A Synod of the Covenant webinar explores different approaches for leading worship during Lent, which begins Feb. 14
by Mike Ferguson | Presbyterian News Service
LOUISVILLE — Now that they’ve turned the corner on Advent and Christmas, preachers are, ready or not, turning their attention to Lent, which begins with Ash Wednesday on Feb. 14 and runs through Easter Sunday, March 31.
Last week, the Rev. Dr. Chip Hardwick, executive of the Synod of the Covenant, offered up a 90-minute webinar on “Exploring the Themes of Lent,” which can be viewed here. The webinar was part of the synod’s Equipping Preachers series, which is open to preachers both inside and outside the bounds of the synod — Michigan and most of Ohio.
One of Hardwick’s mentors, the Rev. Dr. Fred Anderson, used to note that Sundays “come around with disturbing regularity,” and that’s also true of church seasons, Hardwick said. “We just finished our time of Advent, and yet Lent will be here before we know it,” he said, playing this video of Michael Eldridge singing “O Sacred Head, Now Wounded” to help communicate the somber Lenten mood.
With a nod to the days getting longer as spring approaches, Lent means “lengthening,” and it comes from the Anglo-Saxon word “lencten.” When Hardwick asked webinar participants for their themes for Lent, they mentioned “austerity,” “preparation” and “an intentional focus on God.” Hardwick added themes of repentance, prayer and spiritual disciplines.
John Calvin “was not down with the church calendar,” Hardwick noted, and for many years Presbyterians did little to observe the Lenten season. It wasn’t until the 1870s that Christmas and Easter began regularly appearing in the nation’s Sunday school materials, and until Vatican II in 1962 when Lent and Advent received widespread observance, even among Presbyterians. Hardwick called the 1983 publication of the Book of Common Worship “the high mark of the liturgical renewal movement” in the then-recently reunited PC(USA).
“Growing up, I don’t remember an Ash Wednesday service,” said Hardwick, who’s 57. “We did have a Maundy Thursday service,” made memorable one year when a ruling elder almost dropped a communion tray, which young Hardwick and his sister found hilarious, much to their father’s chagrin.
The Great Vigil of Easter, which occurs this year on Saturday, March 30, is less well-known than Maundy Thursday, Good Friday and Easter. A service of light that’s held outdoors, the vigil begins in darkness before a fire and a Paschal candle are lighted. The service includes readings from both the Old and New Testaments “showing the history of salvation,” according to Hardwick, and focuses on the imagery of water and the Eucharist, “the joyous celebration of the people of God with a foretaste of the kingdom.”
“One thing I like about [the Great Vigil of Easter] is that it’s sometimes hard to distinguish between a Maundy Thursday and a Good Friday service because they are both serious,” Hardwick said. “An Easter vigil feels different.
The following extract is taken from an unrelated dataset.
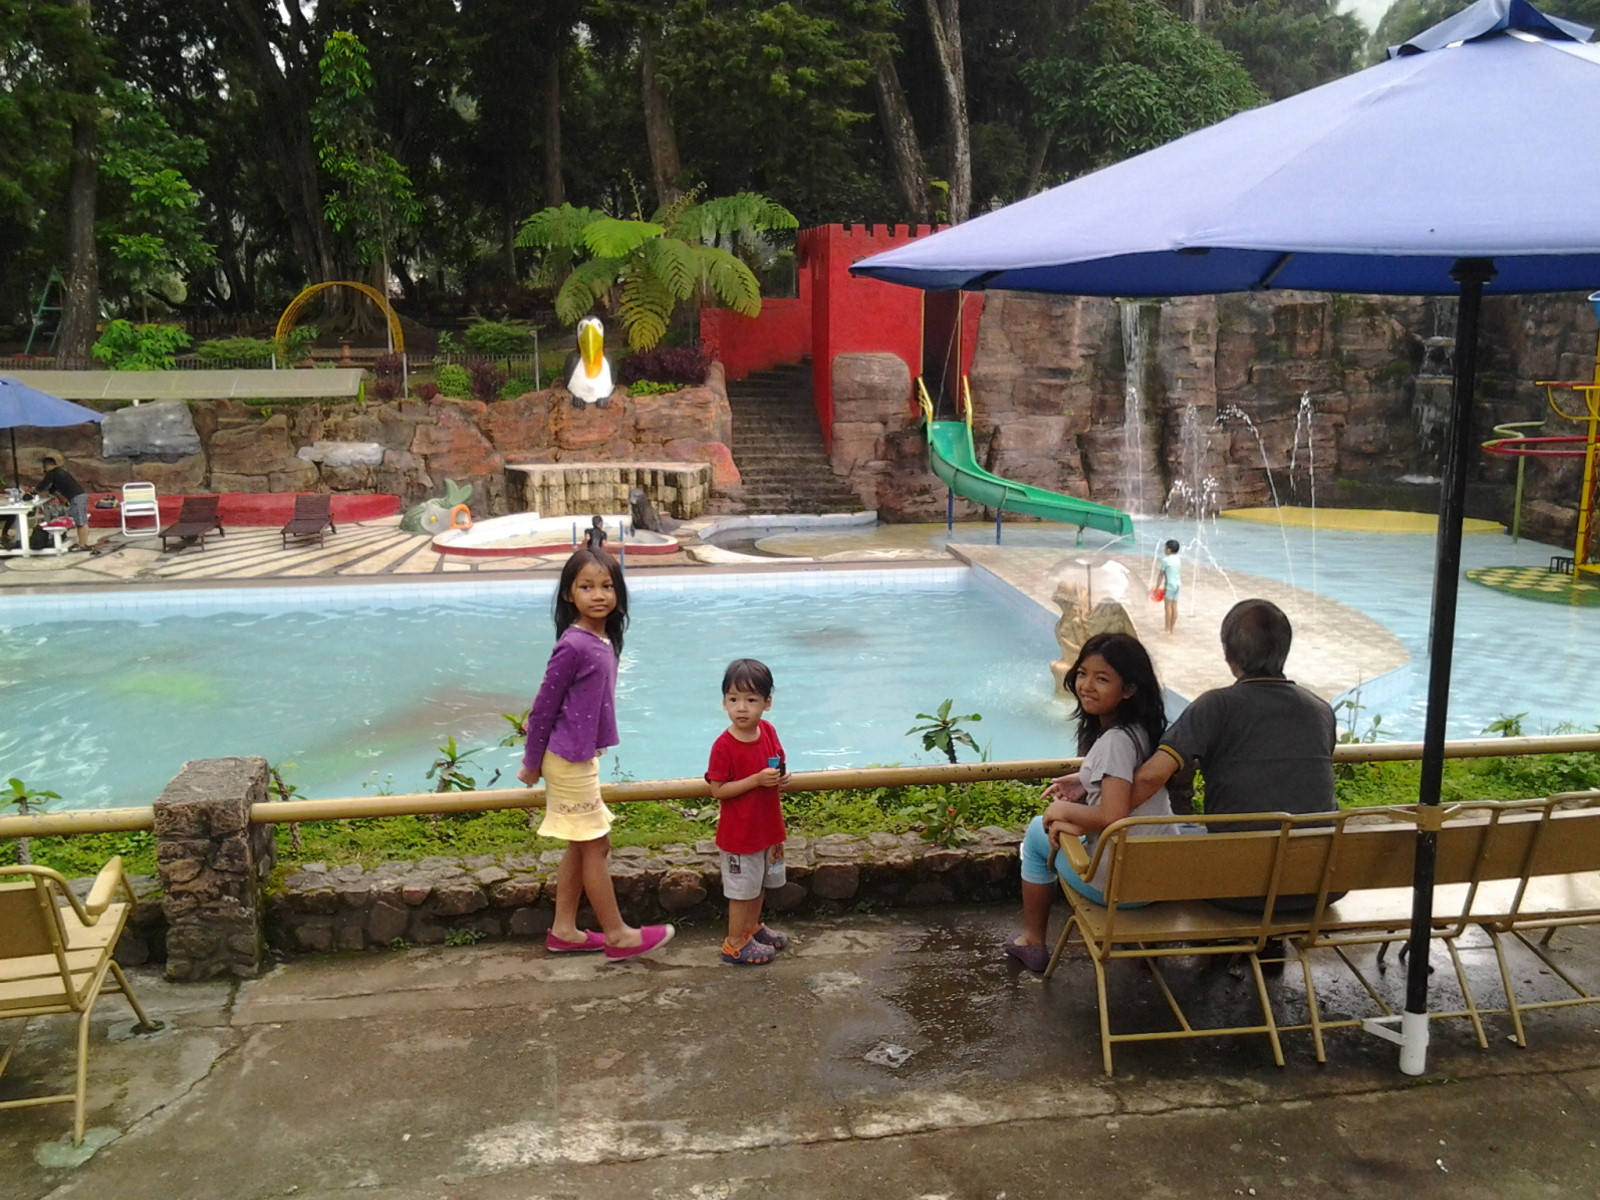 Holiday In Semarang Taman Wisata Kopeng Ketep Pass Smells Like

You’re outdoors, you’ve got a fire, and it provides a variety of worship experiences.”
Hardwick helped participants explore both non-lectionary and lectionary options for preaching throughout Lent. New publications include a pair of books from Westminster John Knox Press: Elizabeth F. Caldwell’s “Pause: Spending Lent with the Psalms” and Mary Alice Birdwhistell and Tyler D. Mayfield’s “Hard and Holy Work: A Lenten Journey Through the Book of Exodus.”
To round out the webinar, Hardwick asked participants to form small groups and discuss the Year B Lenten lectionary passages found in both testaments as well as in the Epistles. Then they regrouped to name common themes they’d found, including covenant, death and new life, choosing to follow God, wilderness, and asking who God is and what God wants from us.
One participant suggested using one hymn throughout Lent, such as “Christus Paradox,” which in the Glory to God Hymnal is Sylvia G. Dunstan’s “You, Lord, Are Both Lamb and Shepherd,” Number 274. Hardwick said one advantage to using a hymn or other element throughout Lent is people can miss a worship service or two and still hear or spot something familiar.
Another participant has a colleague who includes discussion questions in the bulletin that worshipers, including families, can use throughout the week. Hardwick said another approach is to place a different item central to that week’s worship service in the front of the worship space, where everyone can see it.
“Every time I do this [webinar], I wish I was preaching, because I learn so much from you,” Hardwick told those on the call. “I’m grateful for you who are doing that.”
In his closing prayer, Hardwick thanked God “most of all for your Spirit, who will continue to work through these preachers as they plan for Lent. I pray that in their churches your Spirit will be alive and draw people to you because of the work that was started this morning.
“We’re grateful, O God, for all the seasons of the year. Make the time like fishes and loaves between now and Ash Wednesday, that these preachers will have the time they need to prepare and to plan. Gracious God, we’re grateful for the privilege you give us to preach, and we put our pulpits and our churches in your hands. We pray in Christ’s name. Amen.”